What is required
From the listing below, restate word for word the lines from the line containing "PⅢNP,小鼠Ⅲ型前胶原氨基端肽ELISA试剂盒" down through the line containing "Ankara - Ali Özpolat Kuaför Salonu". Exclude pictures.
=== Provided entries ===
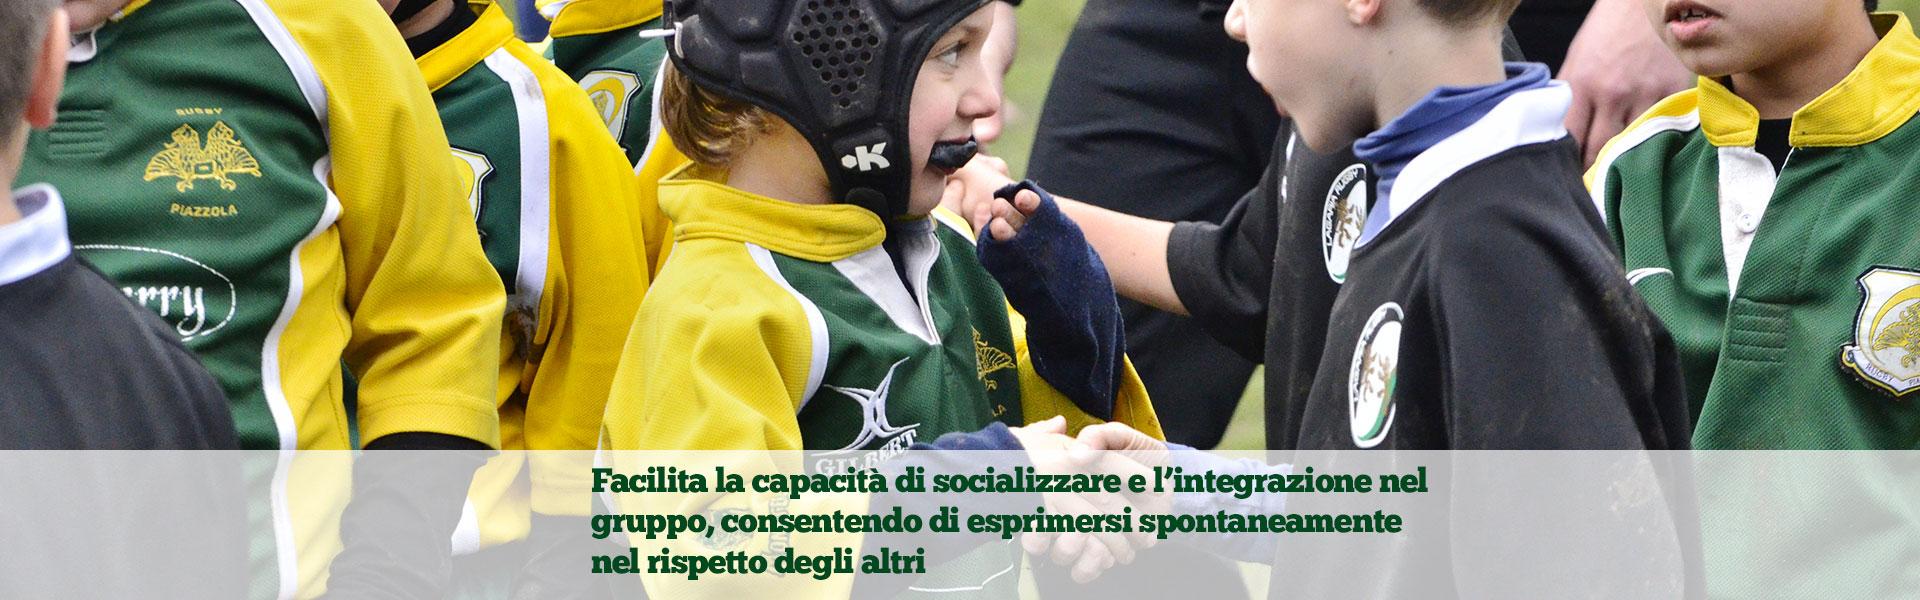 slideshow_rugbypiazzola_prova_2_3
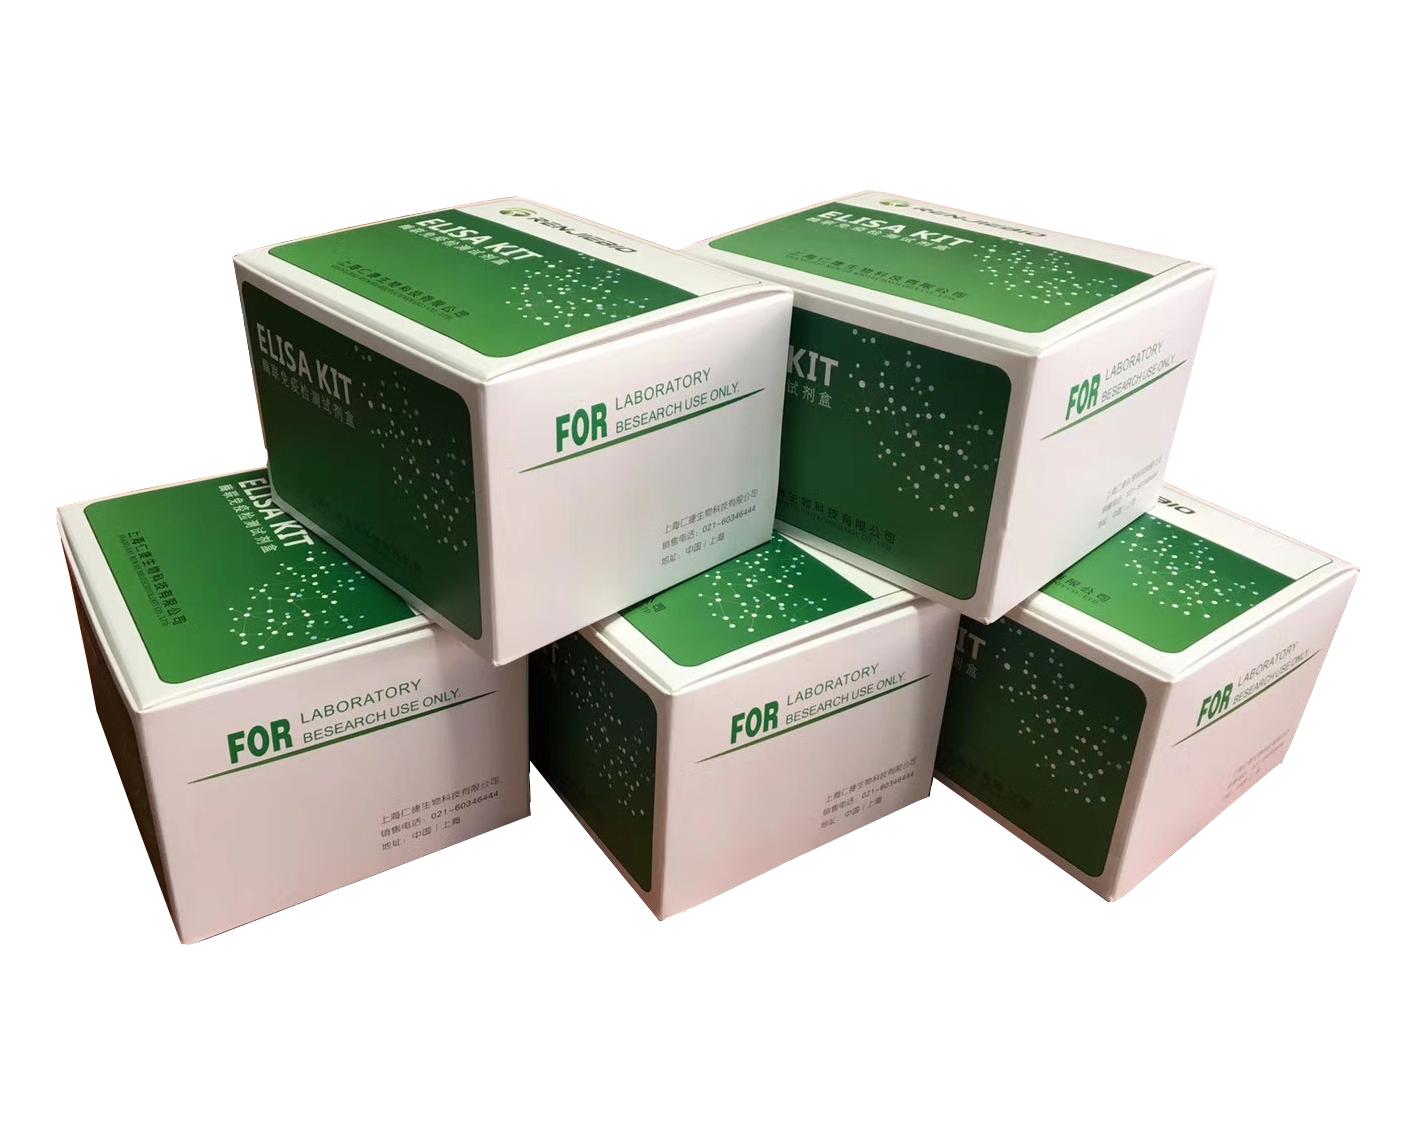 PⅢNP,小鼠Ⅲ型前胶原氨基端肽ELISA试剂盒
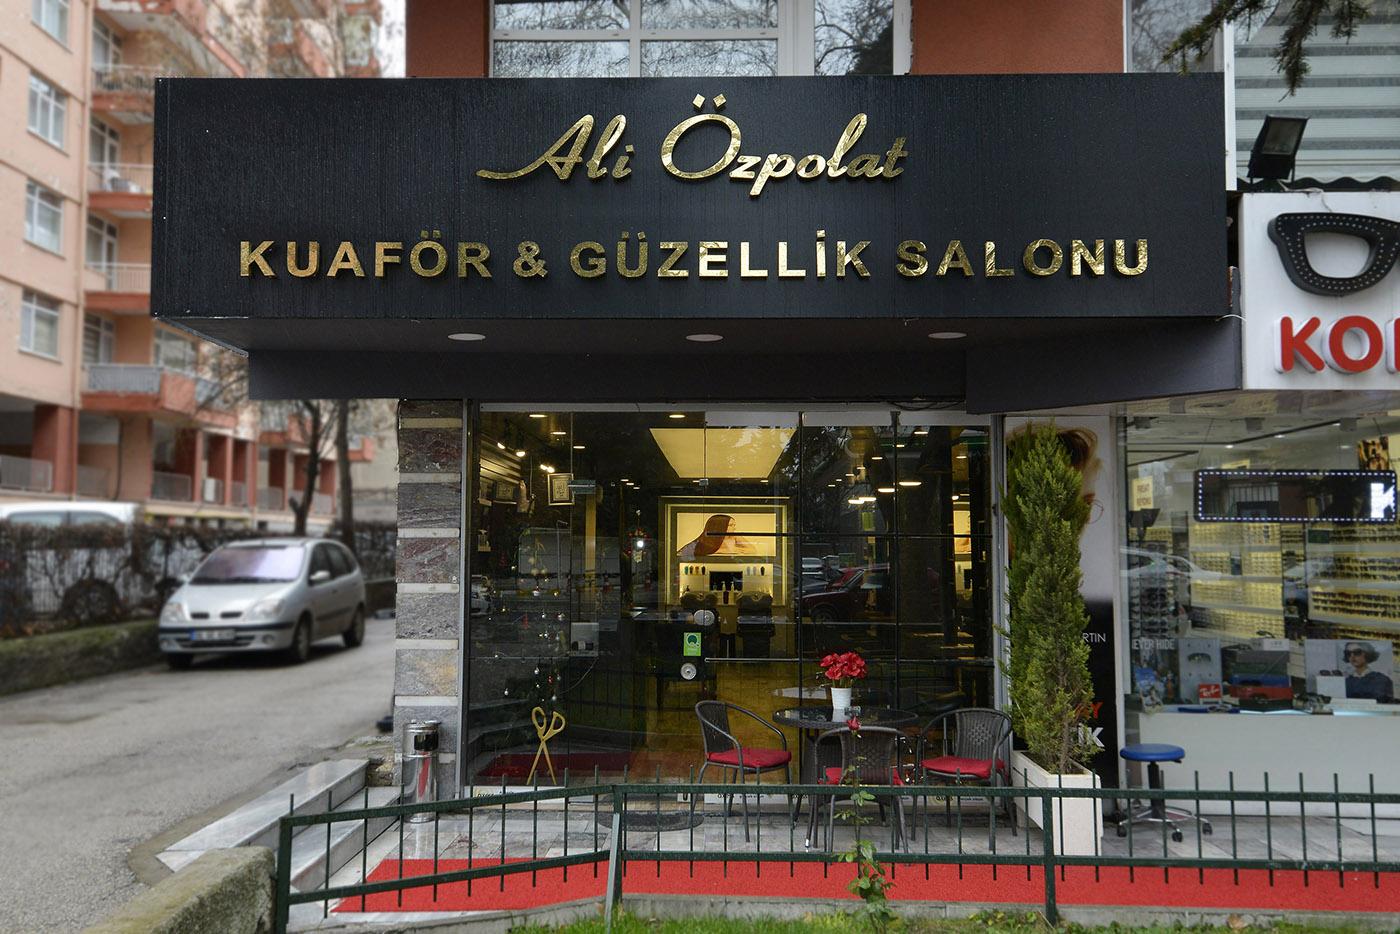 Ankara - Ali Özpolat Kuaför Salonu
===
=== Provided entries ===
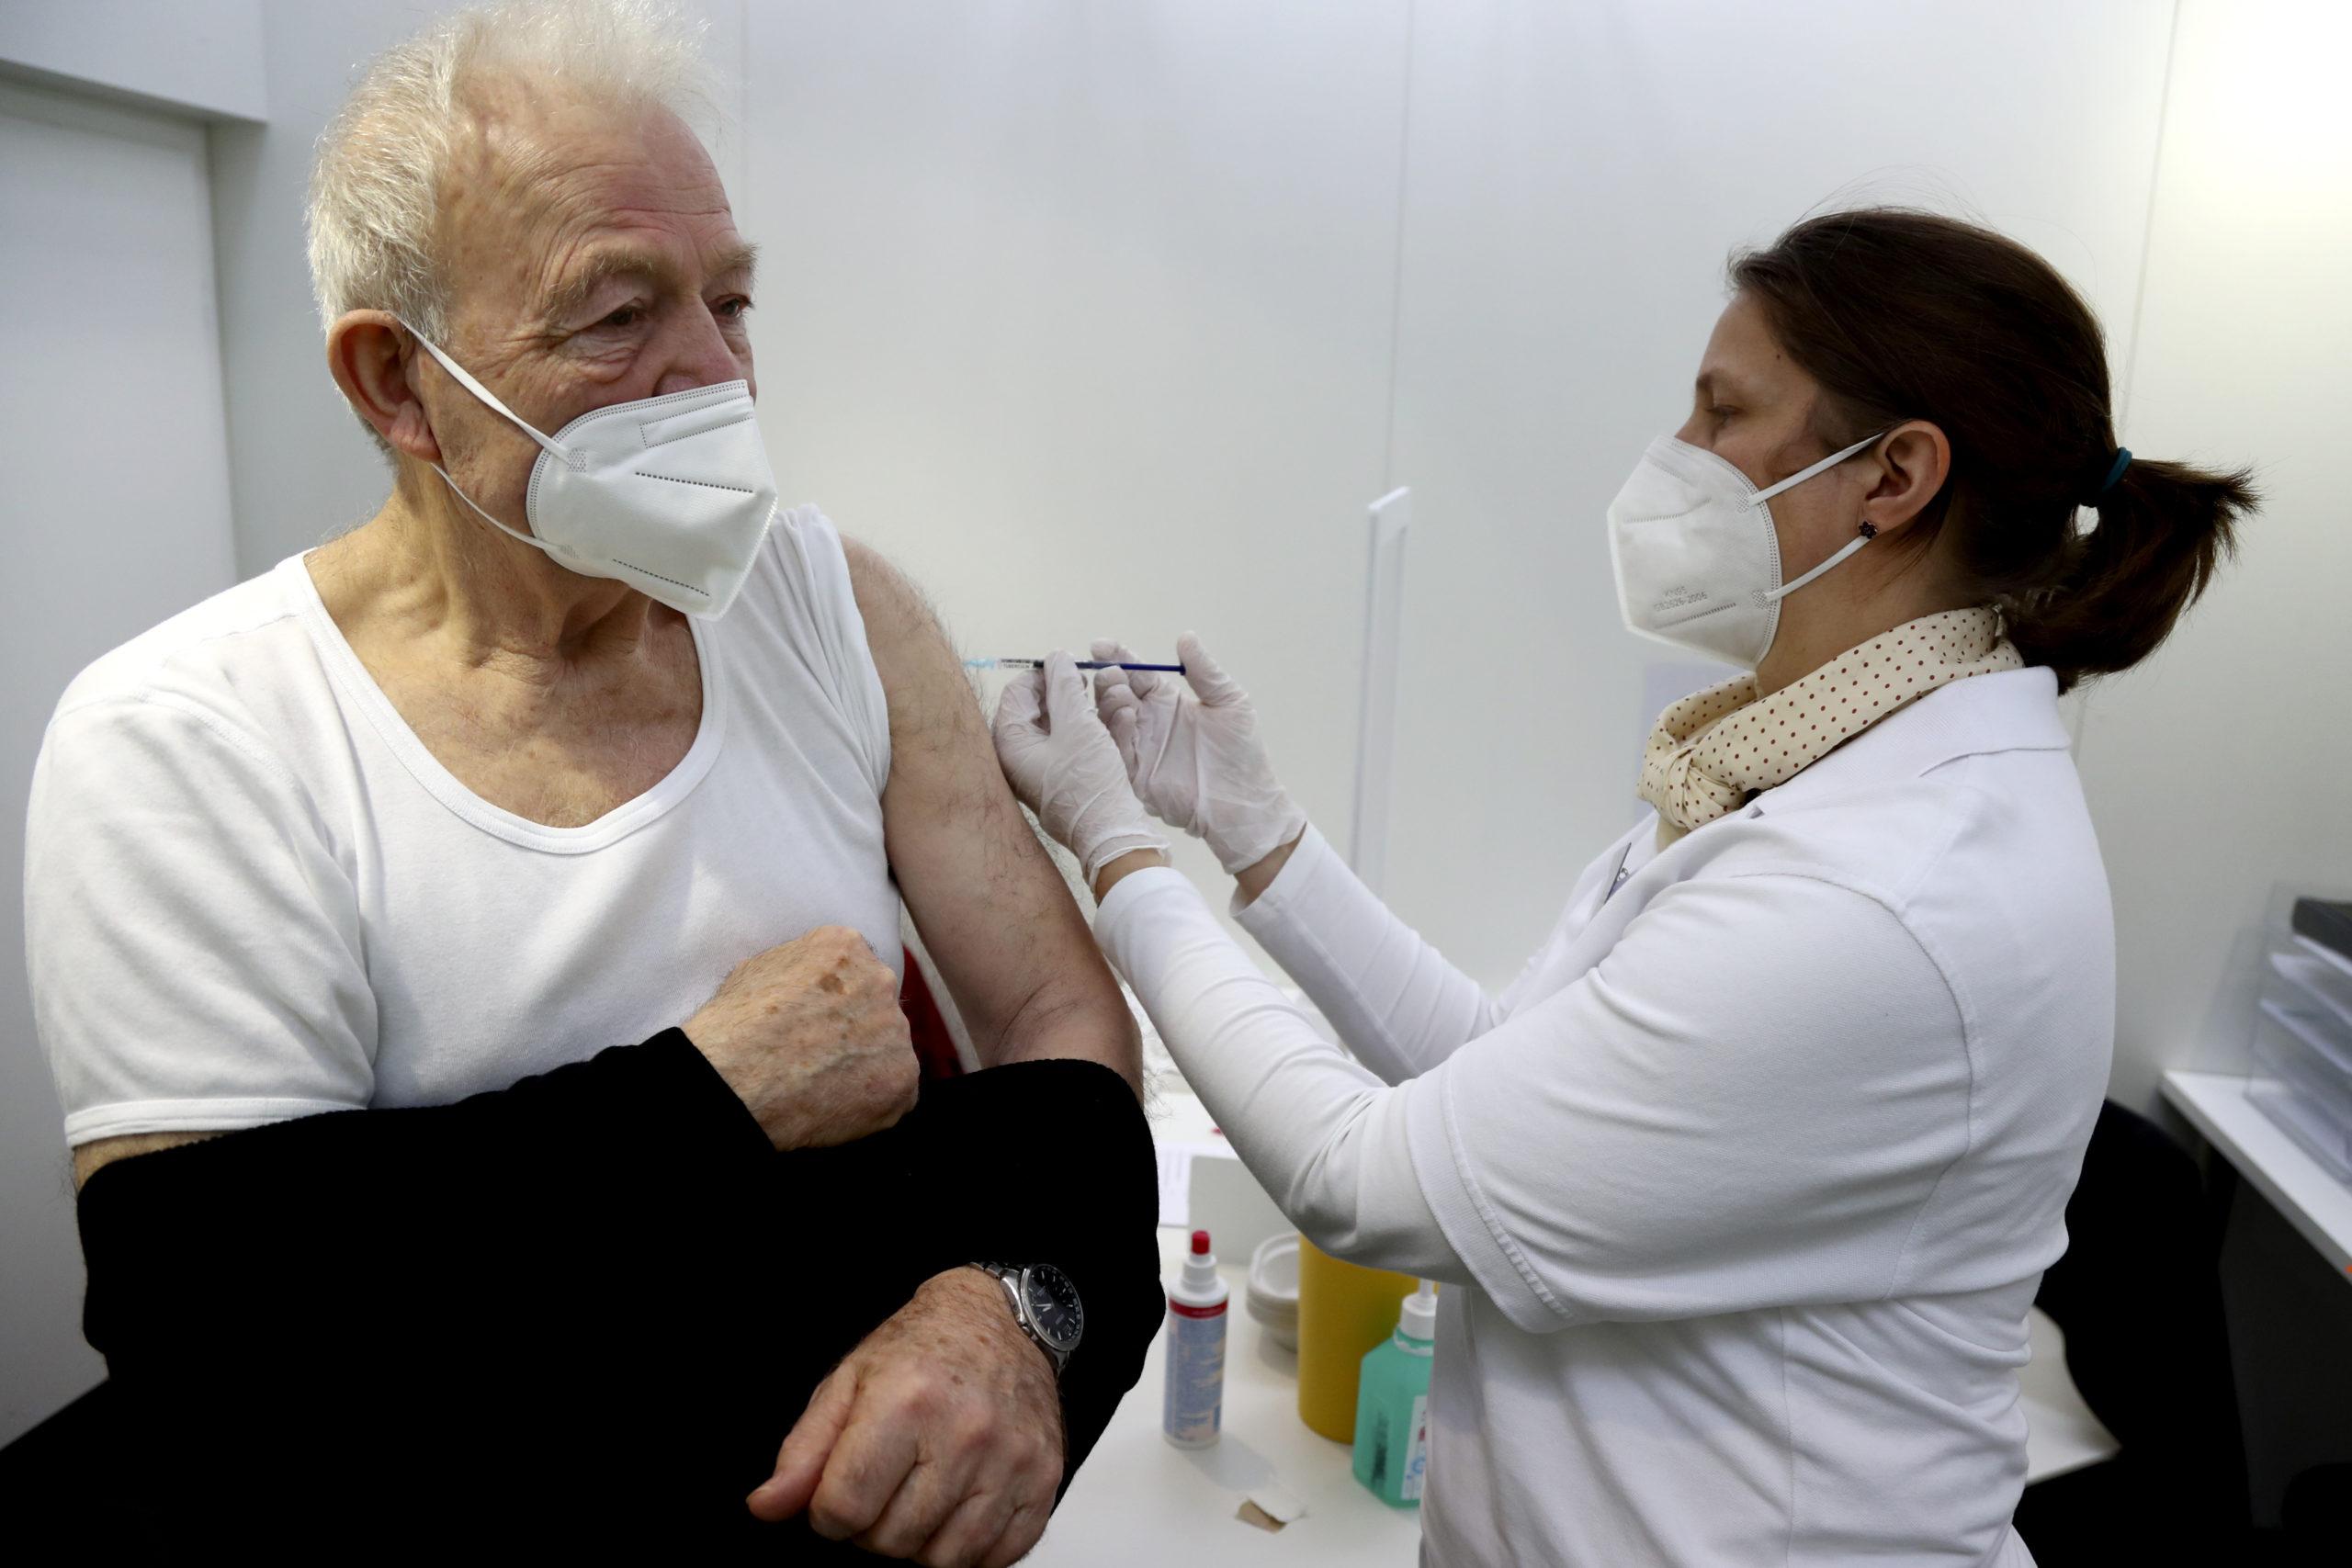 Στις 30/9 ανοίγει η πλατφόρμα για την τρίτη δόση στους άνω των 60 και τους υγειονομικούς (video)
===
Result below
 PⅢNP,小鼠Ⅲ型前胶原氨基端肽ELISA试剂盒
 Ankara - Ali Özpolat Kuaför Salonu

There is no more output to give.